Dataset extract:
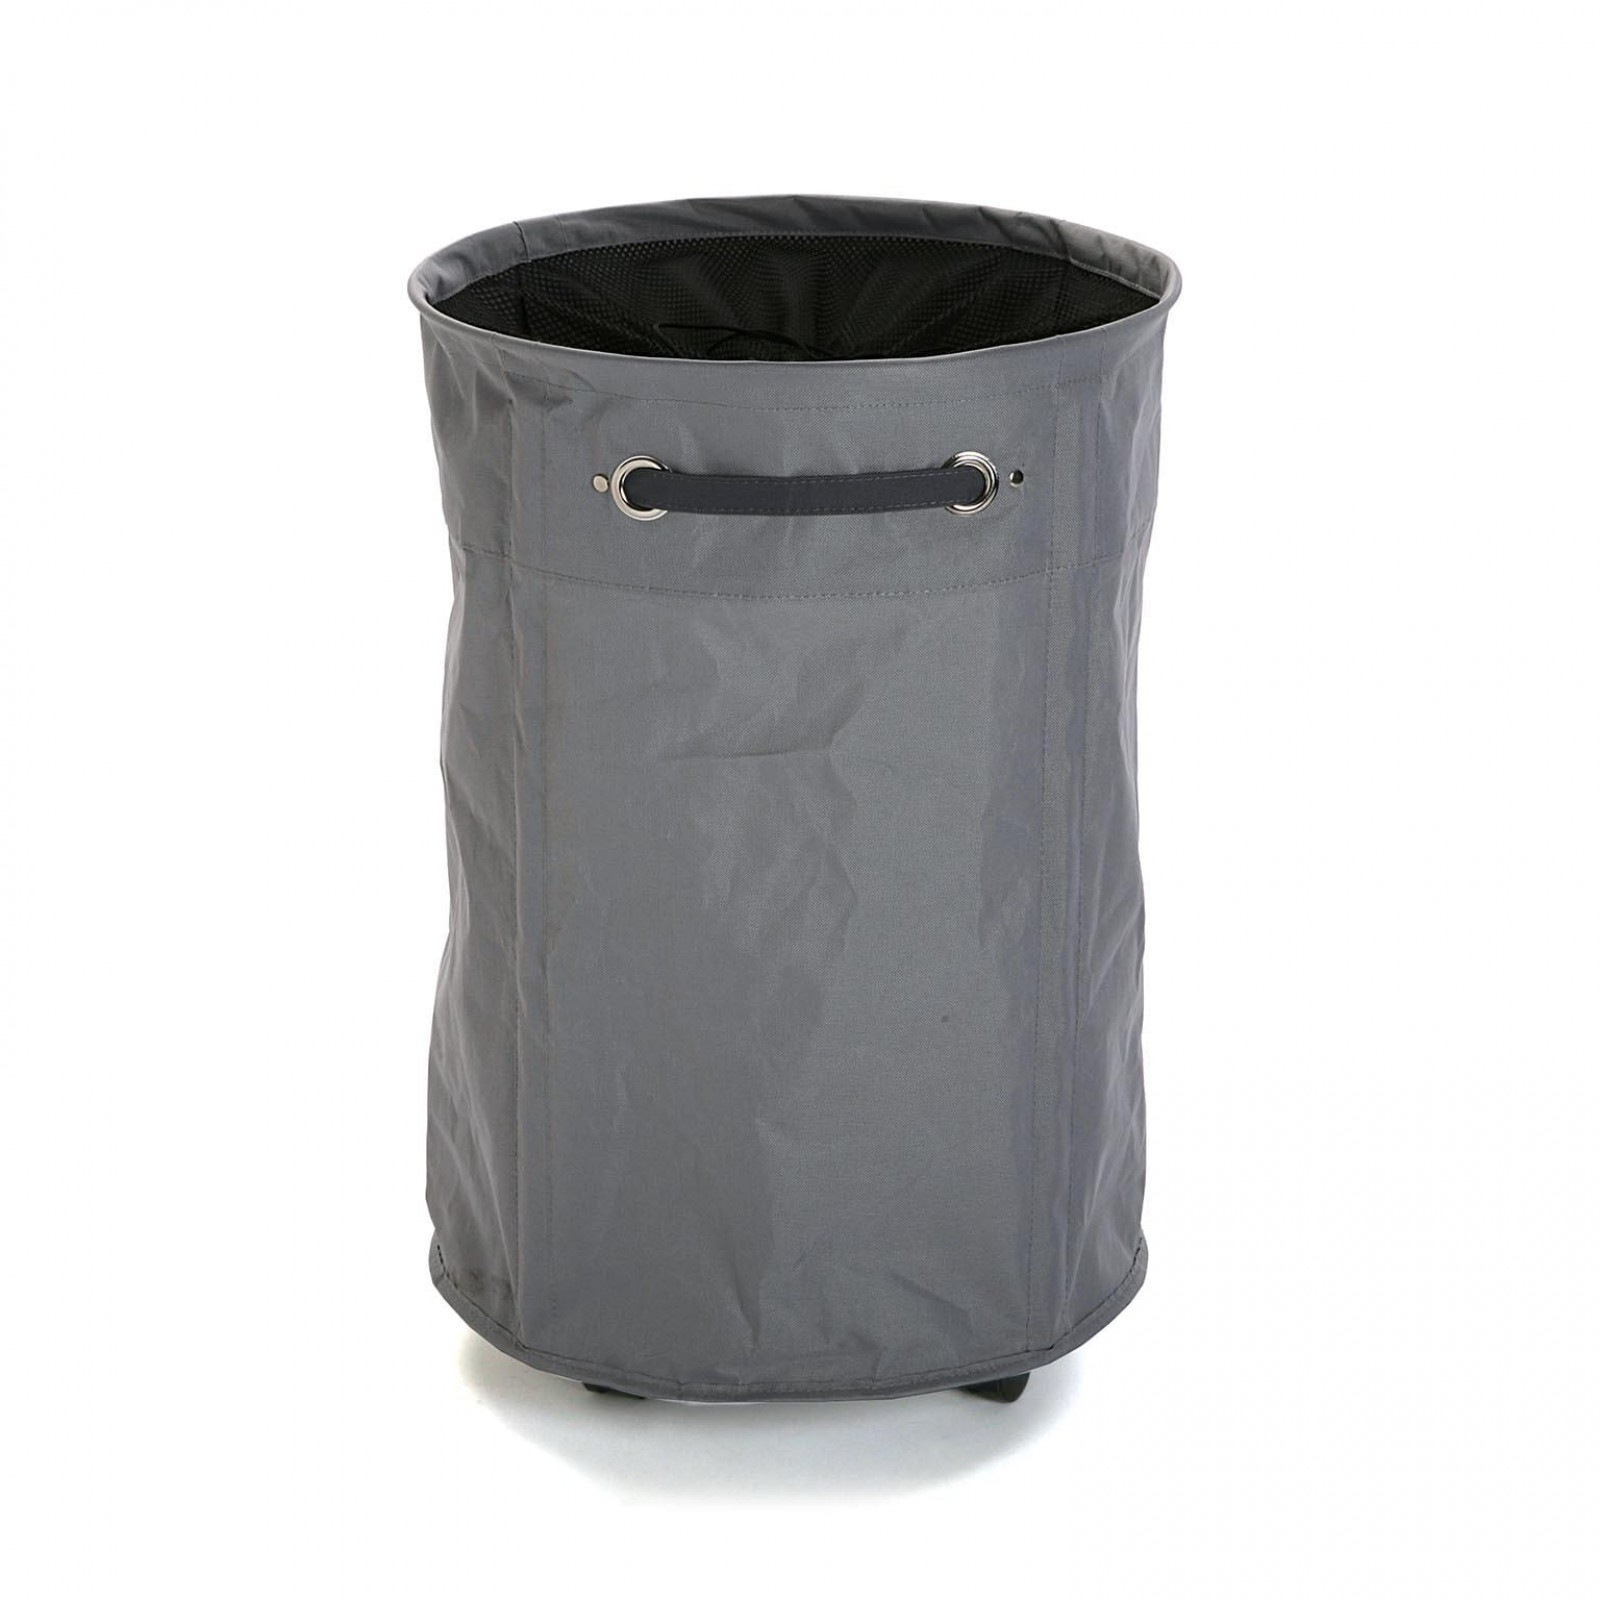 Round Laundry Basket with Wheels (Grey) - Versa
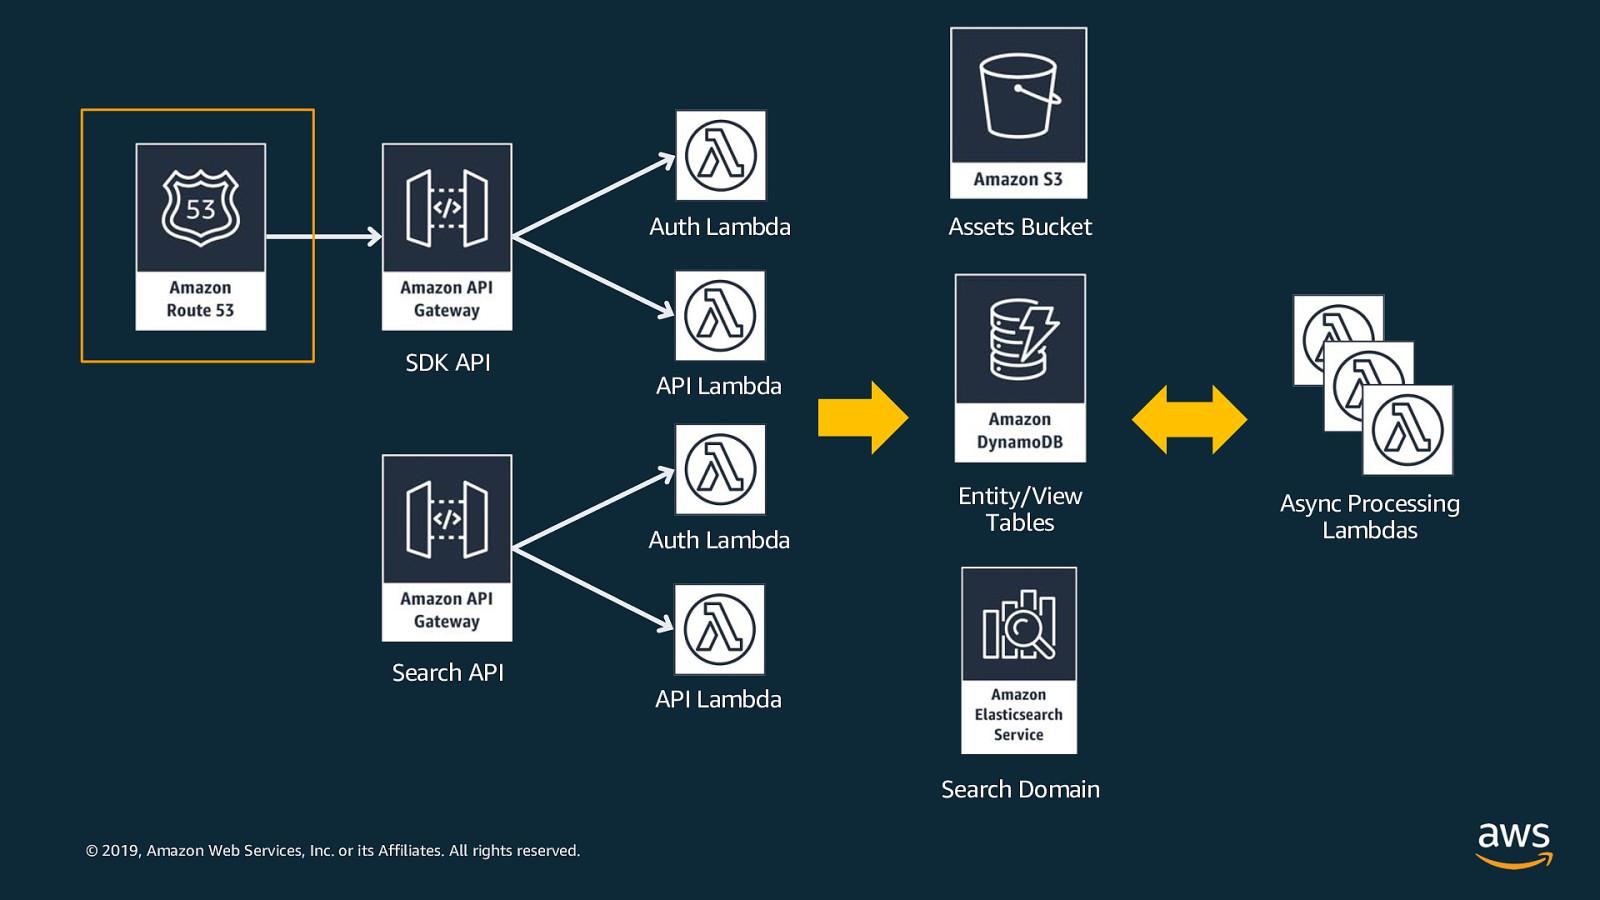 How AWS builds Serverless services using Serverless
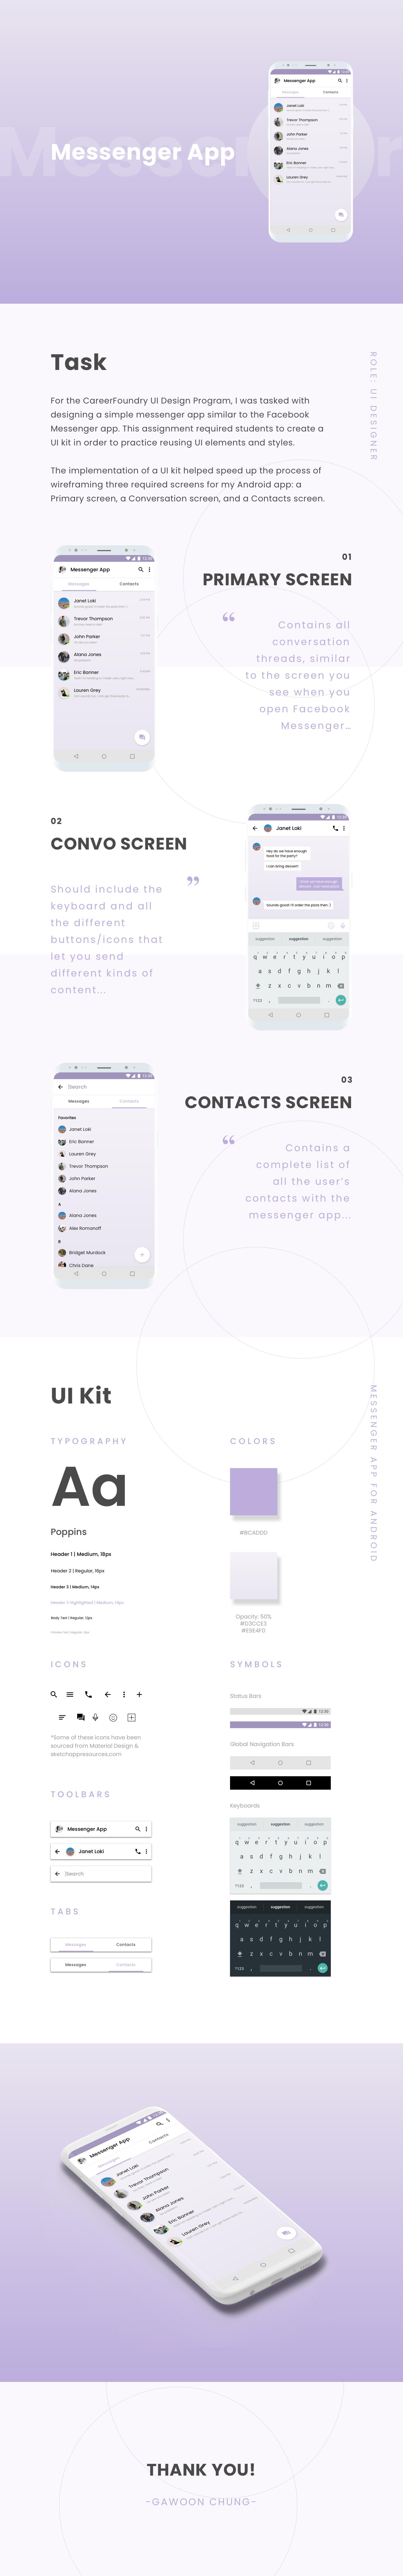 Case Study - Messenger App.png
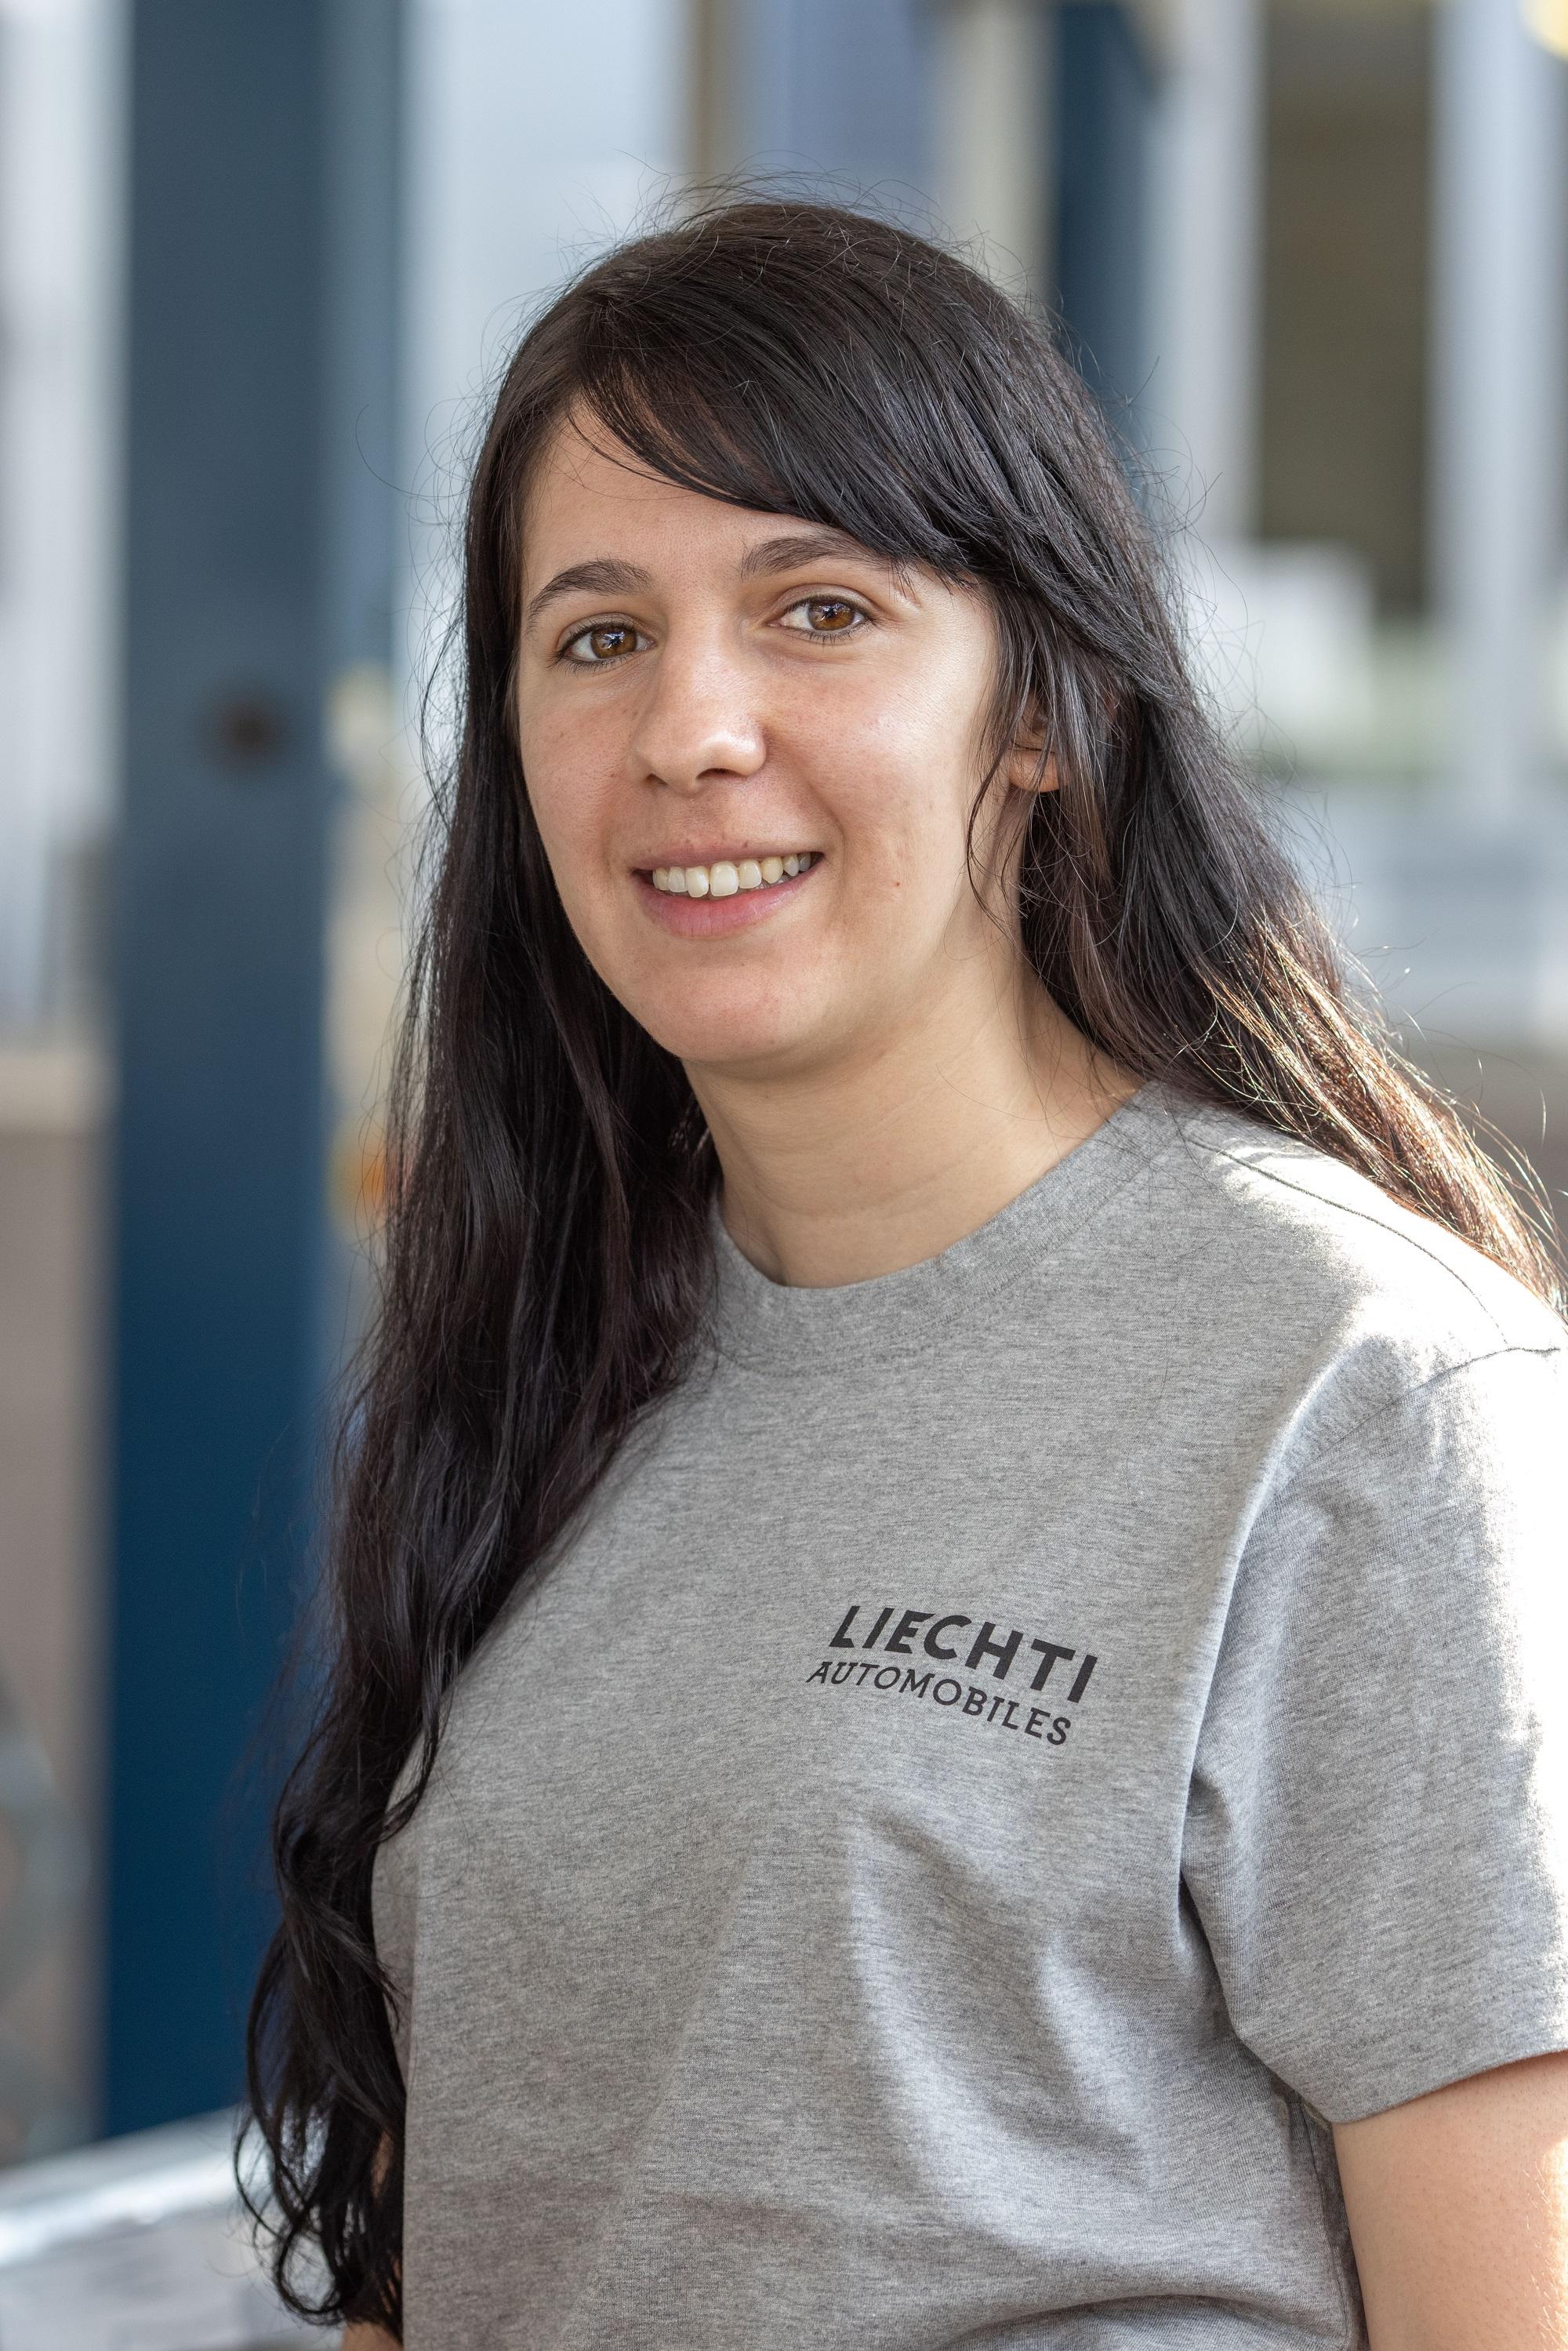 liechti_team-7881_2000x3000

Task description: Omitting all pictures, set the listing down exactly.

Response below:
 Round Laundry Basket with Wheels (Grey) - Versa
 How AWS builds Serverless services using Serverless
 Case Study - Messenger App.png
 liechti_team-7881_2000x3000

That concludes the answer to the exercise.